Jack Chevestrier was silent for a while. I risked a quick look at him, and guessed from his expression that he was thinking hard. Finally, he turned to me. ‘I don’t suppose you’d like to come and work for the sheriff?’

He kept such a straight face that it took a moment for me to realize he was joking. And that he’d just paid me a pretty nice compliment.

The compliment had me confused. Looking down at my left boot, with which I was tracing semicircles in the grass, I said, rather more brusquely than I’d intended, ‘It was nothing – just listening and observation.’

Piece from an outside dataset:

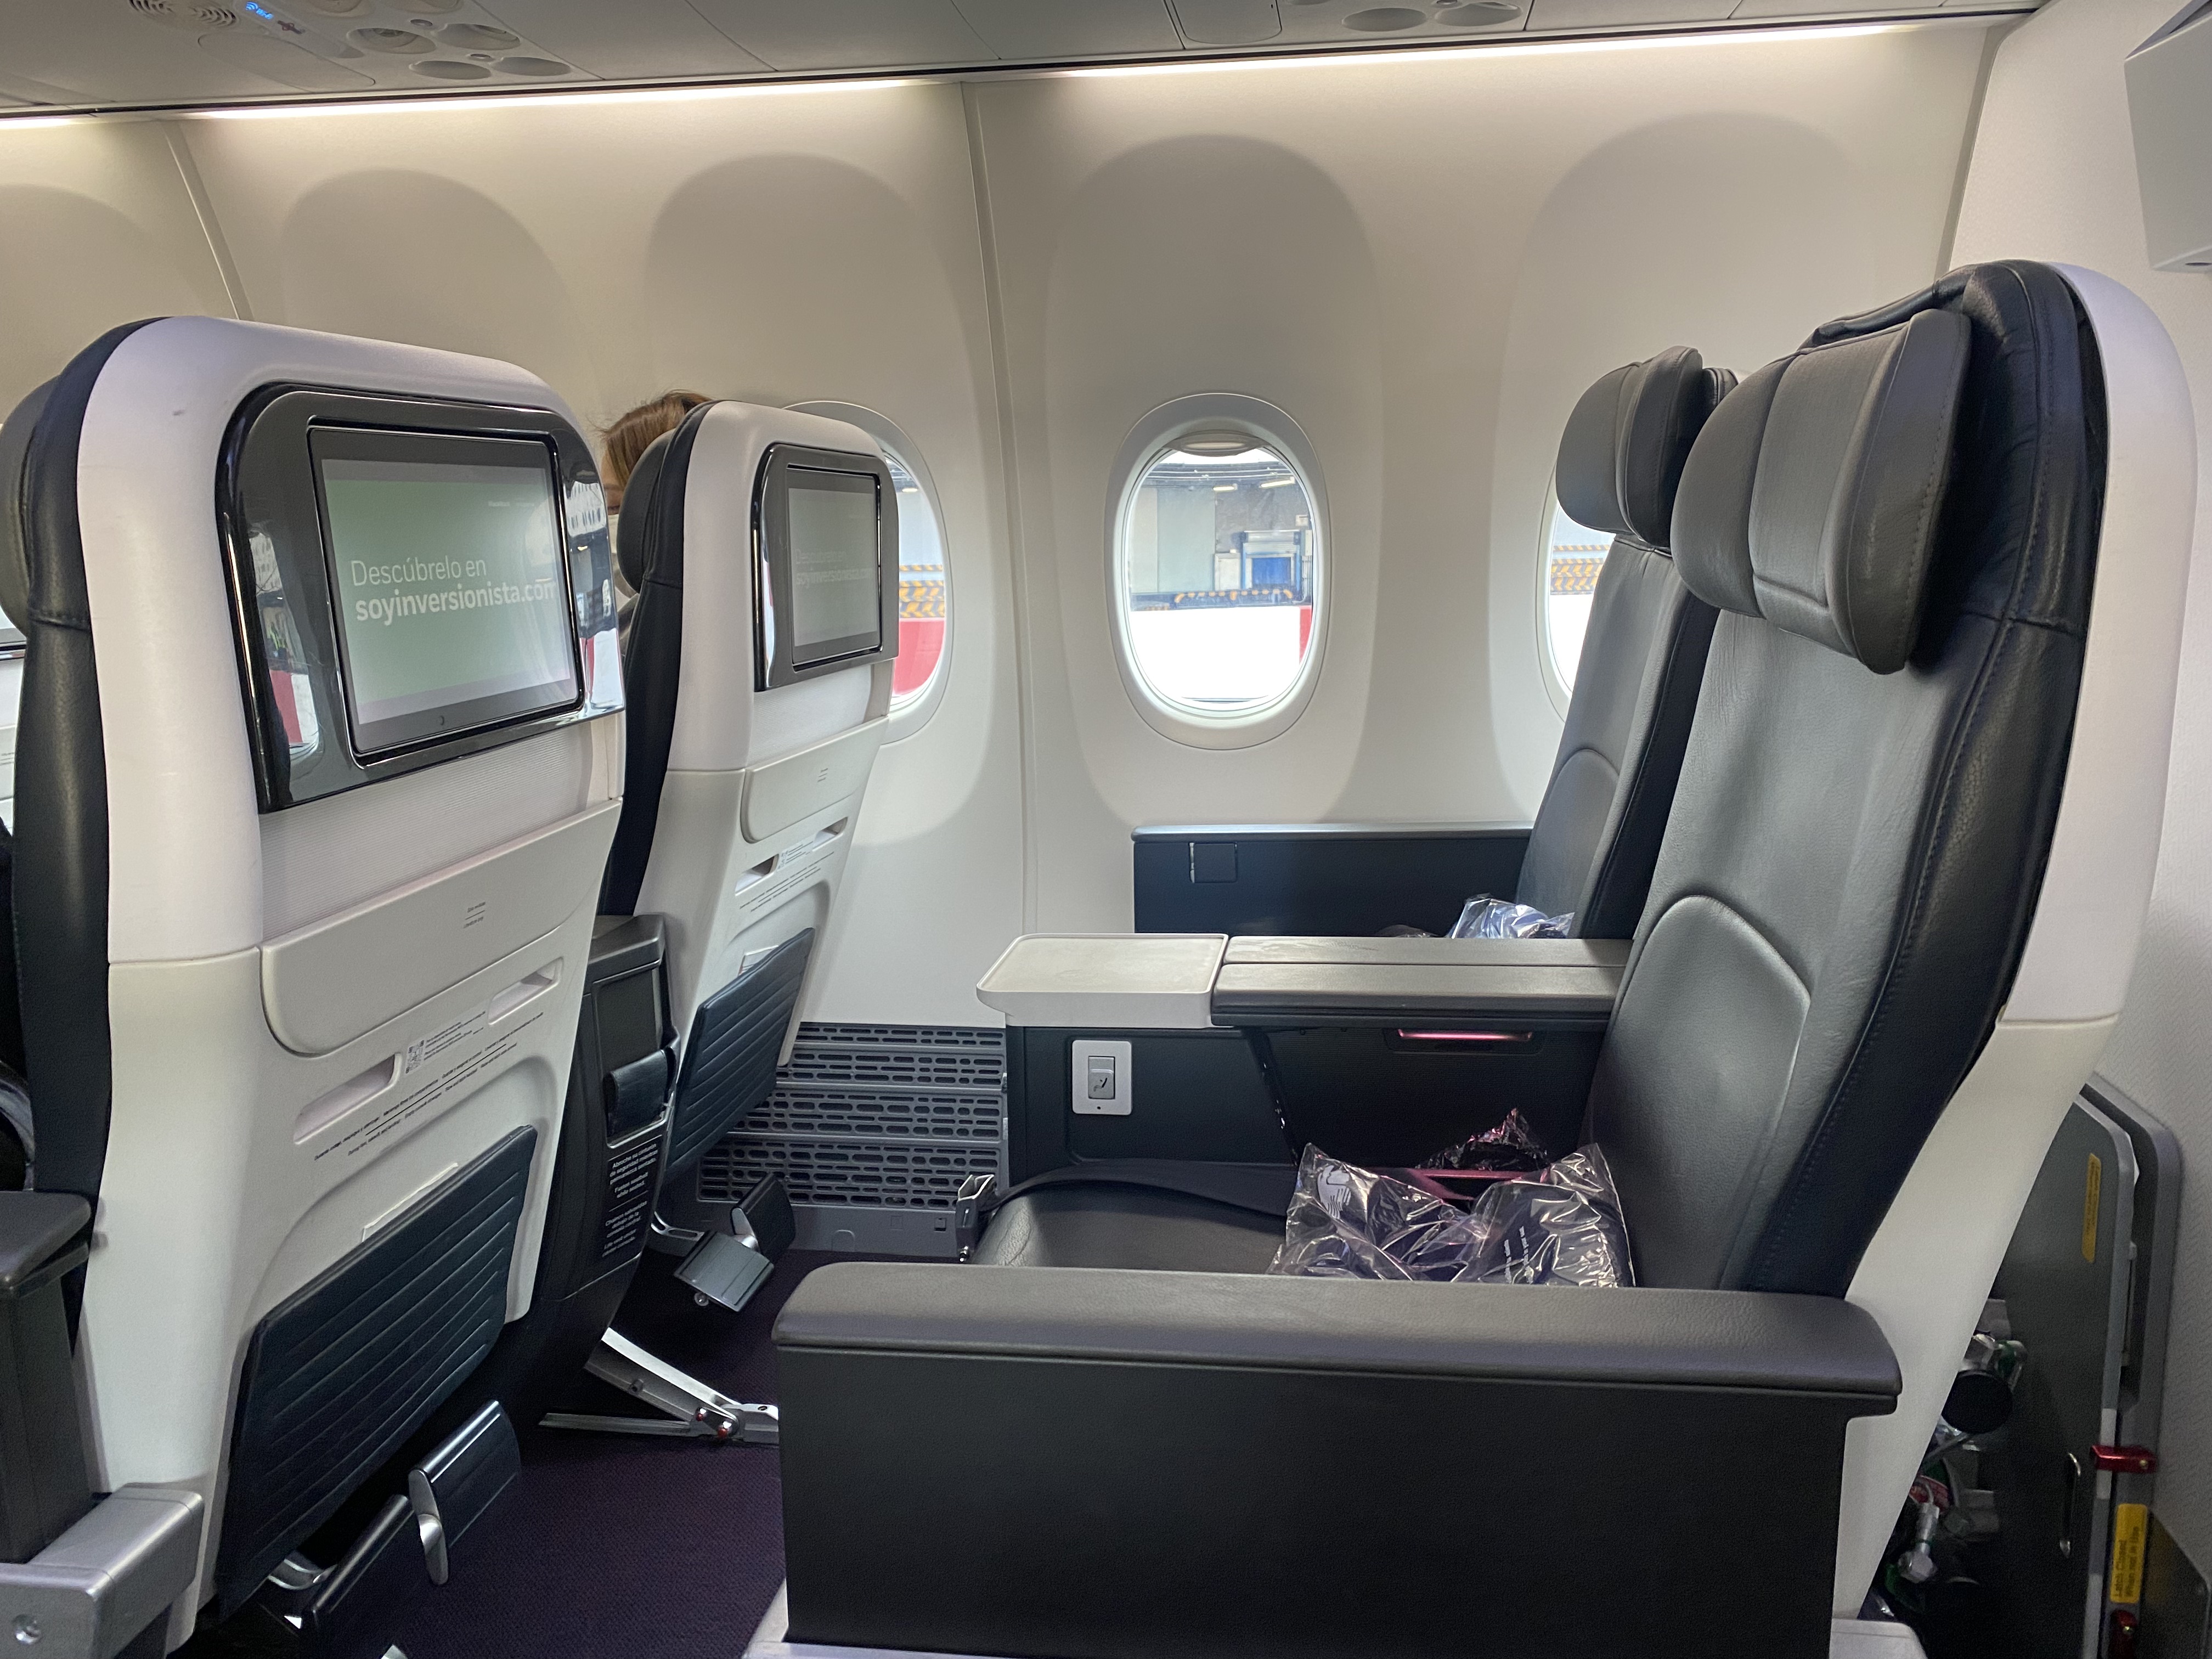 Aeromexico Clase Premier first class airline seating on the Boeing 737-8 MAX.

‘That’s what I keep telling my men,’ he said with a sigh. ‘You’ve no idea the problems I have getting them to use their eyes and ears, never mind their brains.’ He fell silent again. Then, after a moment, said, ‘She arrived on one of the trading boats that ply the fenland rivers. I spoke to its master, who told me she’d come on board at Lynn.’ He glanced at me. ‘Although I don’t think either you or I believe her journey originated there.’

‘No, I’m sure it didn’t. Was she alone when she boarded? Other than the baby?’

‘She was.’

‘And did the boat’s master report anything out of the ordinary happening at Lynn? Rumour of sickness on board another ship, or a fight?’

‘You’re trying to account for the missing companions and servants.’ I nodded. ‘No, he didn’t. He-’ Abruptly he stopped, then, taking my arm, said, ‘Come and talk to him. His name’s Alun, and his boat’s called The Maid of the Marsh.’

I hurried along behind him. ‘But surely he’ll have left by now? It was -’ how long had it been? – ‘the day before yesterday that the veiled woman arrived.’

Jack Chevestrier turned briefly and gave me a swift grin. ‘He’s still here,’ he said firmly. ‘His boat’s bows needed repair, and he’s not sailing till tomorrow. Come on!’